Together, these findings suggest that KOPR modulates learning rate independent of presumed valence of the unconditioned stimulus. These results indicate that the negative valence theory cannot explain KOPR’s role in behavioral modulation. To clarify how KOPR blockade affects the processing of reinforcement learning, the authors performed crossover experiments, where mice that were previously trained with saline pretreatment were exposed to the task after norBNI pretreatment. They found that KOPR antagonism only enhanced positive reinforcement learning for novel contingencies; mice that had previously been trained and reached acquisition criteria were unaffected by subsequent norBNI blockade. This result suggests that KOPR blockade affects the acquisition of learned behaviors rather than behavioral expression of the learned behavior.

The authors’ results challenge the canonical model of KOPR functioning solely as part of a negative valence system. Next, the authors reevaluated the role of KOPR system and how it contributes to modulation of affective and motivated states. They designed experiments to identify an alternative explanation for KOPR control of learning, which is consistent with their results and the previous literature. They proposed that KOPR blockade increases novelty exploration, which is an important component of learning.

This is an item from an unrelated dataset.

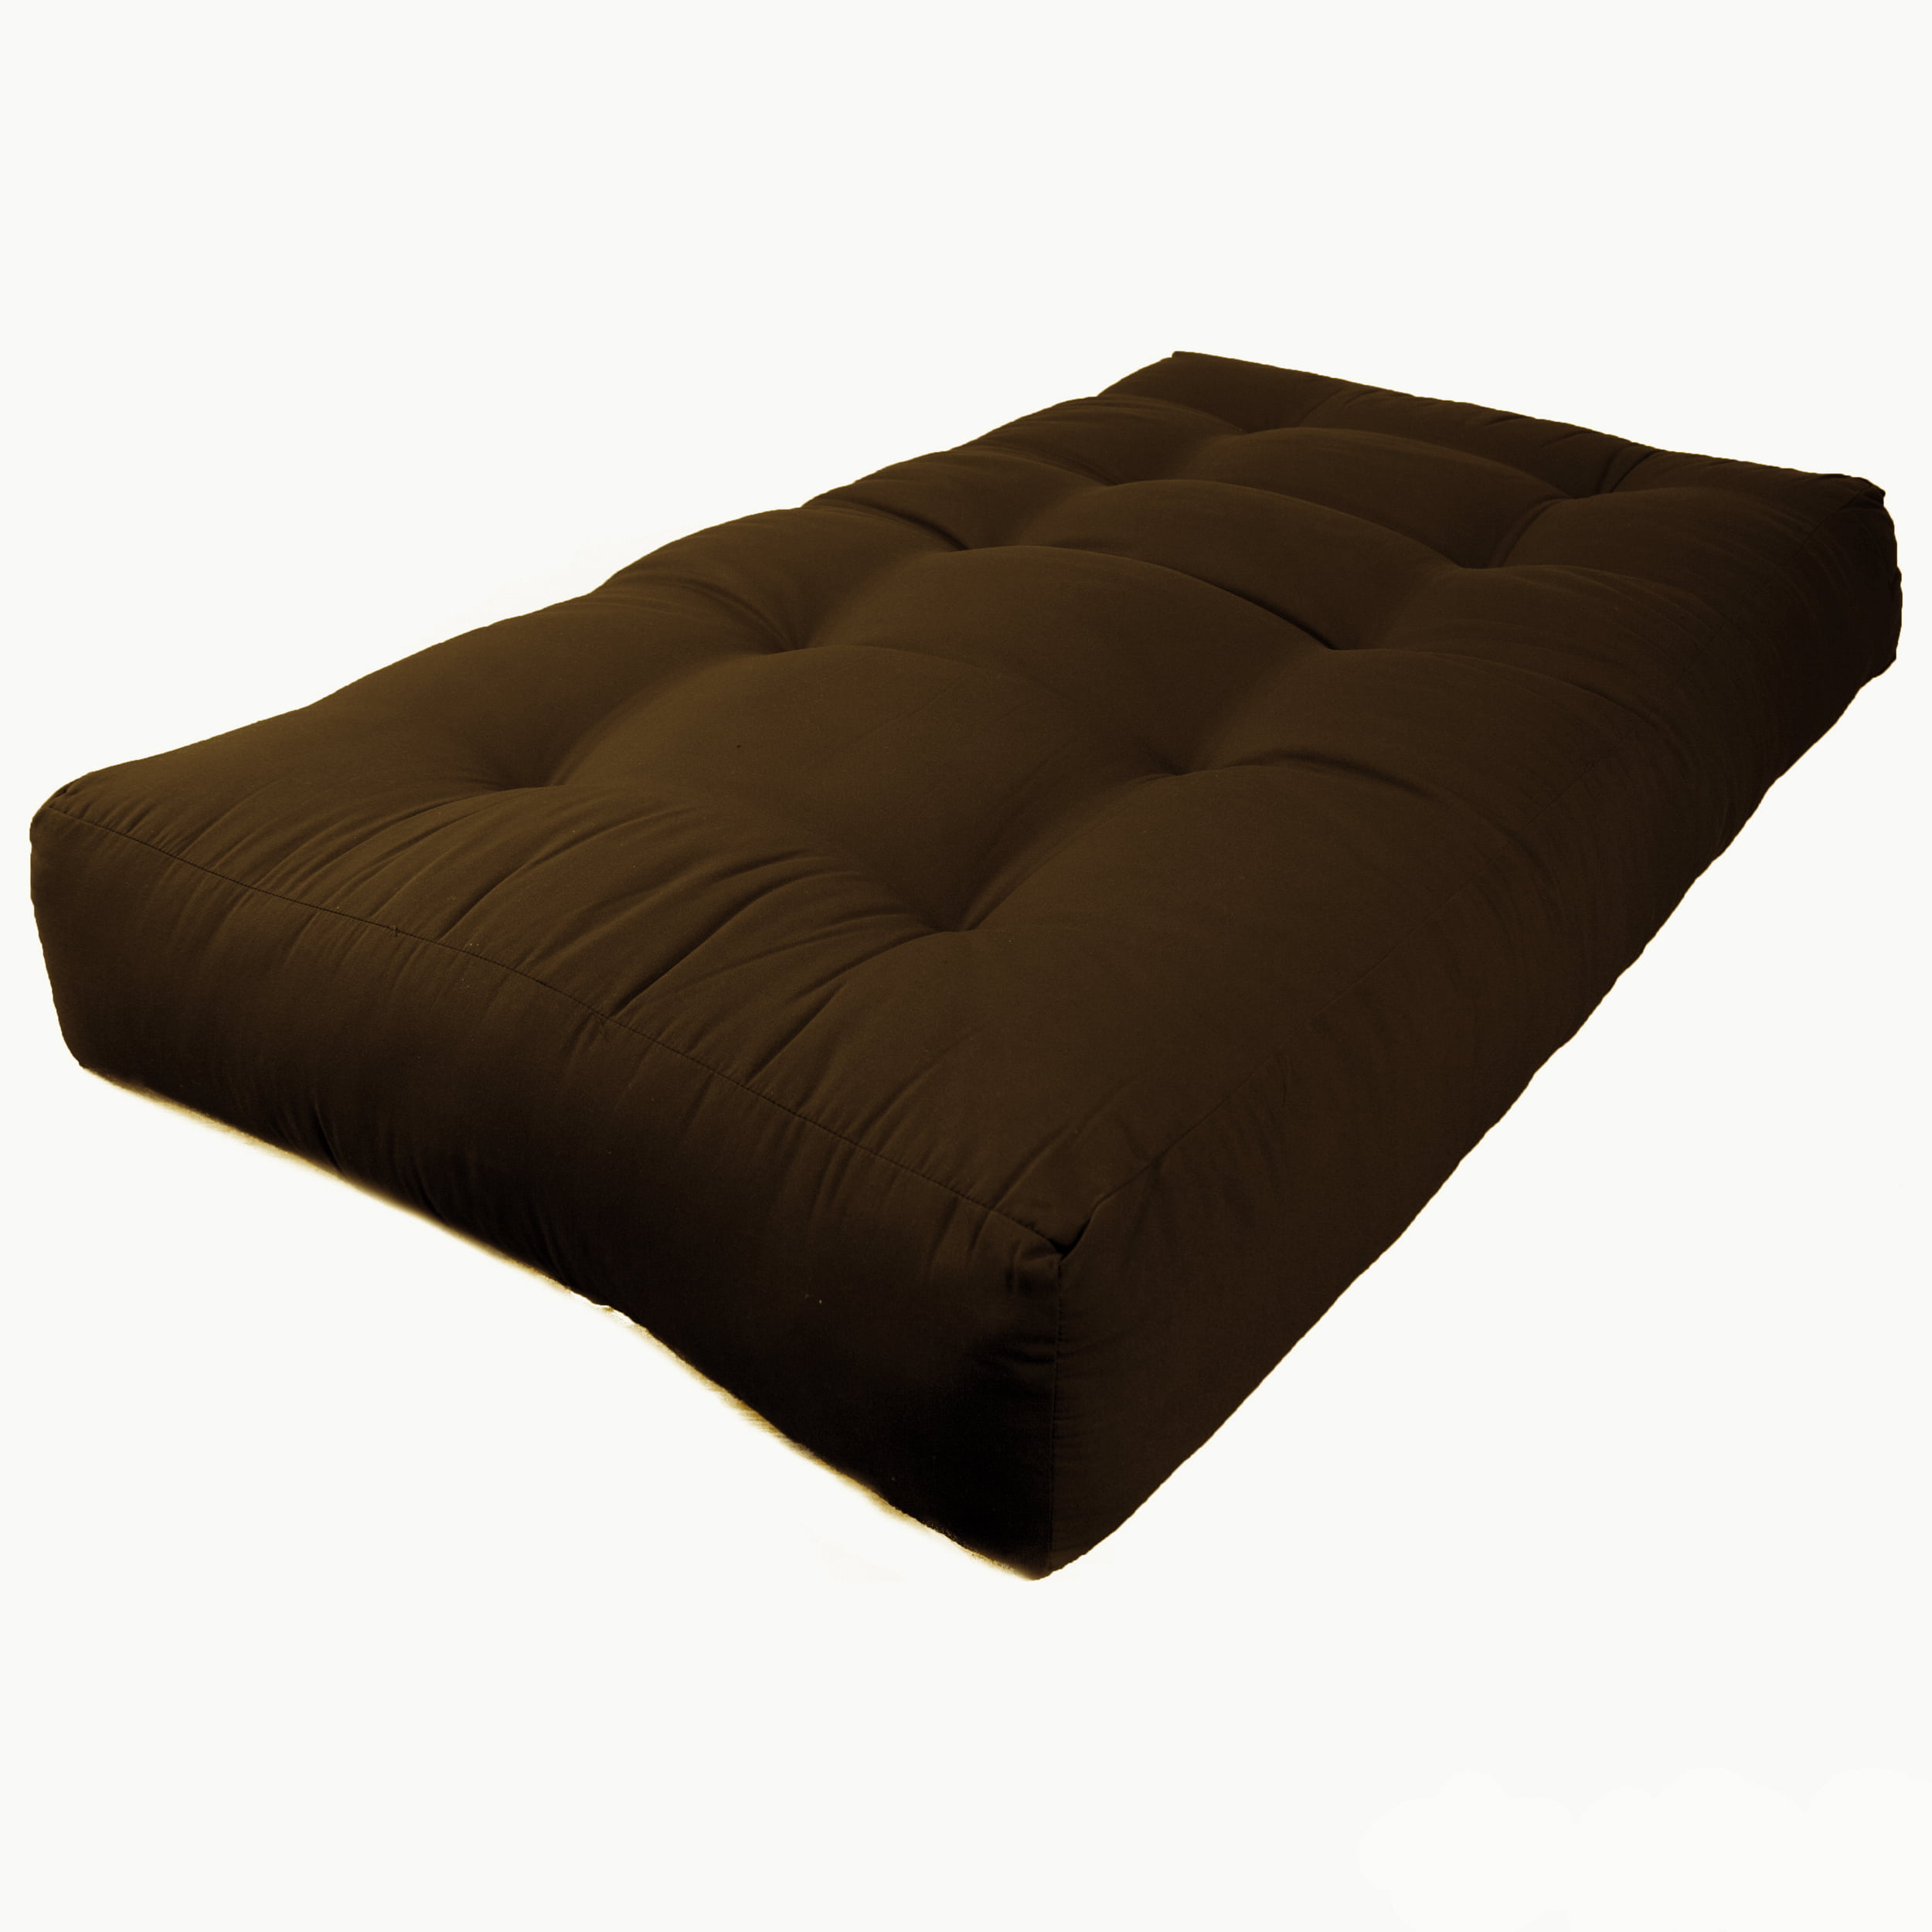 Picture of Blazing Needles 9603-TW-CH 10 in. Renewal Twill Twin Size Futon Mattress, Chocolate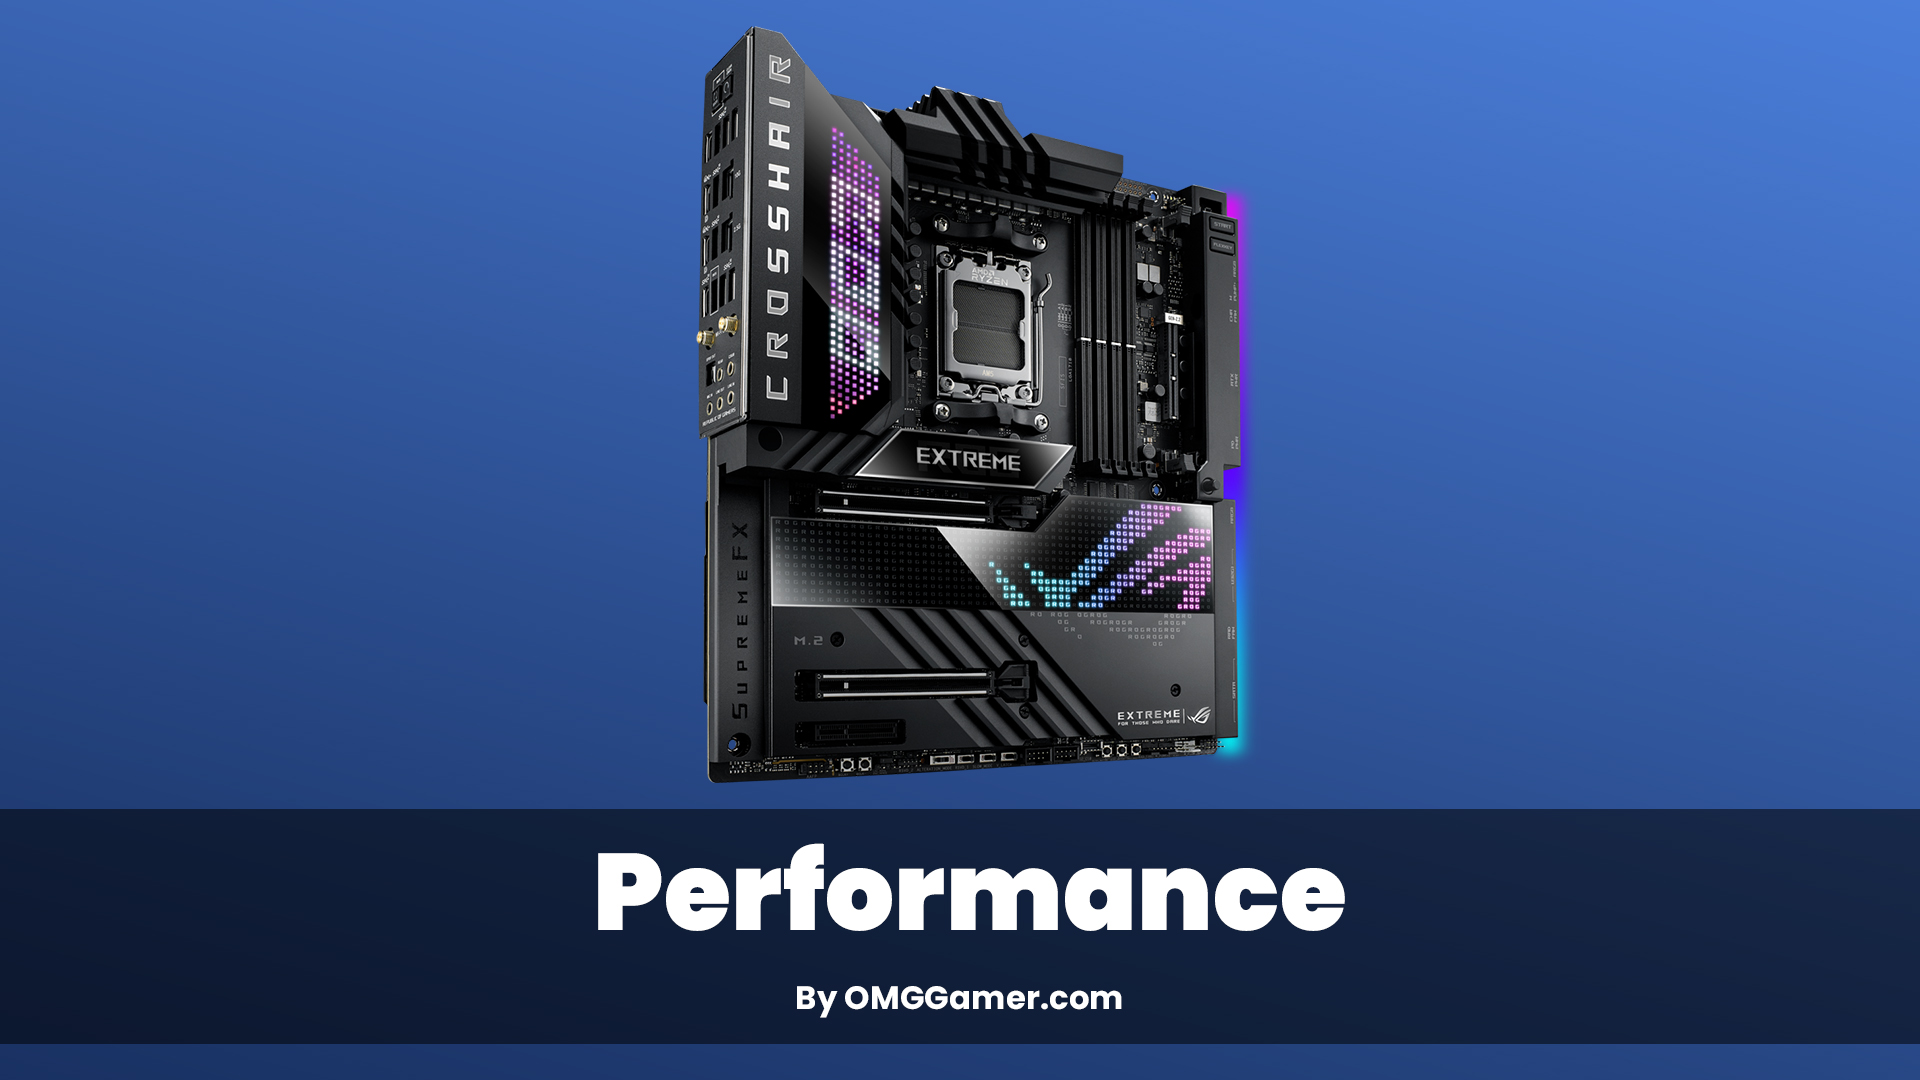 Performance of Asus ROG Crosshair X670E Motherboard

To investigate this new hypothesis, the authors measured exploratory behavior in a novel environment and the rate of habituation. They found that mice treated with norBNI prior to testing had increased locomotion relative to the first 5 min of exposure. This indicates a heightened exploratory drive and resulted in a prolonged period of activity that did not return to baseline levels until 60 min. In contrast, saline controls returned to baseline activity levels within 15 min or less. However, when mice were placed into a familiar environment there were no group differences in normalized locomotion or rate of locomotor decrease. To determine whether these novelty response results are related to the KOPR-sensitive associative reinforcement results described earlier, the authors used a task in which the operant reinforcers were novel cue lights. They trained mice on a fixed ratio reinforcement schedule in which responding was reinforced by illumination of three identical cue lights. However, the duration, frequency, and pattern of the lights were randomized for each presentation. Over several sessions, mice continued to respond and increased the rate of responding for the light reinforcement, indicating they were not habituated to the cues or reinforcer. The main finding in this operant task was that mice treated with norBNI received more light cue reinforcers than those treated with saline.

To measure the motivation of the mice to respond for the novel sensory cues, the authors applied a behavioral economics approach wherein the mice were increasingly required to respond, or “pay”, more to receive the light cues. They found that norBNI-treated mice were willing to pay or lever press more to receive the novel cues than saline -treated controls. The authors posit that this implies that KOPR blockade specifically increases the intrinsic motivational value of novel stimuli. However, it may also be that KOPR blockade maintains the novelty of the cues and thus the motivation to pay for their delivery. Regardless, the overall results support KOPR’s proposed role as a modulator of novelty processing.

In conclusion, Farahbakhsh et al. provided experimental evidence that do not support the prevailing dogma that KOPRs are critical for negative valence and further showed that the KOPR system is an important modulator of novelty processing. This expansion for the role of KOPR provides an opportunity to reframe and consider decades of published studies from a new framework. The authors’ results provide many new potential experimental routes, such as examining how stimulation of KOPRs may alter novelty processing, or perhaps how distinct KOPR circuits in the brain regulate this form of reinforcement learning. This will be important to investigate, as more KOPR modulators make their way towards clinical use, their impact on processes other than negative valence will need to be carefully considered.